To integrate OpenAI GPT with Bolt.new, install the openai npm package (pure JavaScript, works in WebContainers) and route API calls through a Next.js API route to keep your secret key server-side. Prompt Bolt with 'Add an OpenAI chat interface with streaming responses' and it auto-generates the complete setup. Direct client-side OpenAI calls may fail due to WebContainer CORS headers — always use an API route.
Building AI-Powered Features in Bolt.new with OpenAI GPT
OpenAI's GPT API is the most-searched Bolt integration by a wide margin, with nearly 10,000 impressions per month from developers looking to add AI features to their Bolt-generated apps. The good news: the openai npm package is written in pure JavaScript and installs cleanly inside Bolt's WebContainer runtime. Bolt's own AI agent understands the OpenAI API deeply — prompting 'Add an OpenAI chat interface' triggers automatic code generation for the API route, streaming setup, and chat component.
The main complication comes from WebContainer's browser security headers. Bolt enforces Cross-Origin-Embedder-Policy (COEP) and Cross-Origin-Opener-Policy (COOP) headers that can cause direct client-side fetch calls to external APIs to fail. This isn't an OpenAI-specific problem — it affects any API that doesn't explicitly whitelist StackBlitz origins. The standard fix is routing all OpenAI API calls through a server-side API route, which runs in the WebContainer's Node.js process and has no CORS restrictions. This also correctly keeps your OPENAI_API_KEY on the server, preventing it from being bundled into client JavaScript.

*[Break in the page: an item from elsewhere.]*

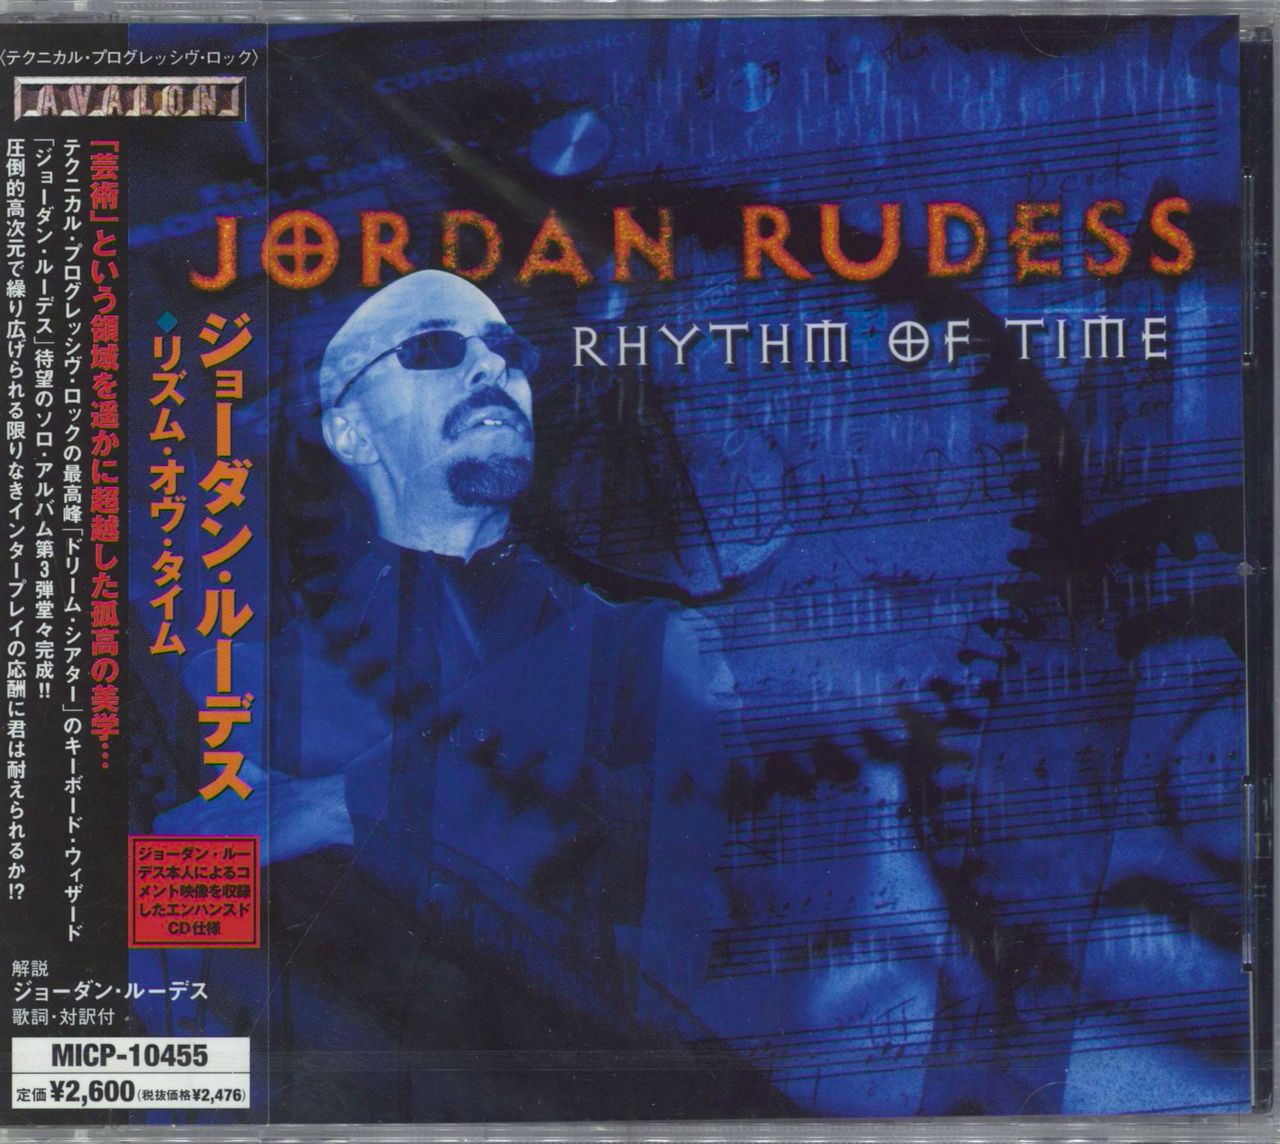 Jordan Rudess Rhythm Of Time - Sealed Japanese Promo CD album (CDLP) MICP-10455

Streaming is the feature that makes AI chat interfaces feel responsive. Instead of waiting 5-10 seconds for a full GPT-4o response, streaming returns tokens as they're generated, creating a natural typing effect. The OpenAI SDK's streaming support combined with the ReadableStream API makes this straightforward to implement — Bolt can generate the complete streaming setup from a single prompt.
Integration method
The OpenAI npm package is pure JavaScript and installs cleanly in Bolt's WebContainer. However, direct client-side OpenAI calls may fail due to WebContainer's Cross-Origin-Embedder-Policy headers. The recommended pattern routes all API calls through a Next.js API route or Supabase Edge Function, which keeps your secret key server-side and handles CORS correctly. Bolt's AI agent can generate the complete streaming chat integration from a single prompt.
Prerequisites
- An OpenAI account with an API key from platform.openai.com/api-keys
- Sufficient OpenAI API credits (new accounts get $5 free credit, GPT-4o-mini is cheapest at ~$0.15/1M input tokens)
- A Bolt.new project using Next.js (recommended for API routes) or Vite with a Supabase backend
- Basic understanding of React component state and async JavaScript
Step-by-step guide
Prompt Bolt to Generate the OpenAI Integration
Prompt Bolt to Generate the OpenAI Integration
Bolt's AI agent has deep knowledge of the OpenAI SDK and can generate a complete working integration from a single well-crafted prompt. The agent will install the openai package, create the API route file, set up streaming, and generate a chat UI component automatically. You don't need to write the boilerplate code yourself — your job is to describe what you want clearly. The most important detail to specify is streaming behavior: without it, your app will wait for the full response before displaying anything, which feels sluggish for longer answers. Also specify that you want the API key read from environment variables (not hardcoded), which Bolt handles correctly by default but it's good to be explicit. After Bolt generates the code, you'll see a message in the chat asking you to add your API key to the .env file.
Integrate OpenAI GPT into my app. Create a Next.js API route at /api/chat that accepts POST requests with a messages array. Use the OpenAI SDK with GPT-4o-mini model. Stream the response back to the client using a ReadableStream. Read the API key from process.env.OPENAI_API_KEY. Also create a ChatInterface React component that sends messages to this route, displays streaming responses with a typing cursor effect, and maintains conversation history in state. Handle loading and error states.
Paste this in Bolt.new chat
Pro tip: If you're on a limited OpenAI budget, specify gpt-4o-mini in your prompt — it's 30x cheaper than gpt-4o while being excellent for most chat applications.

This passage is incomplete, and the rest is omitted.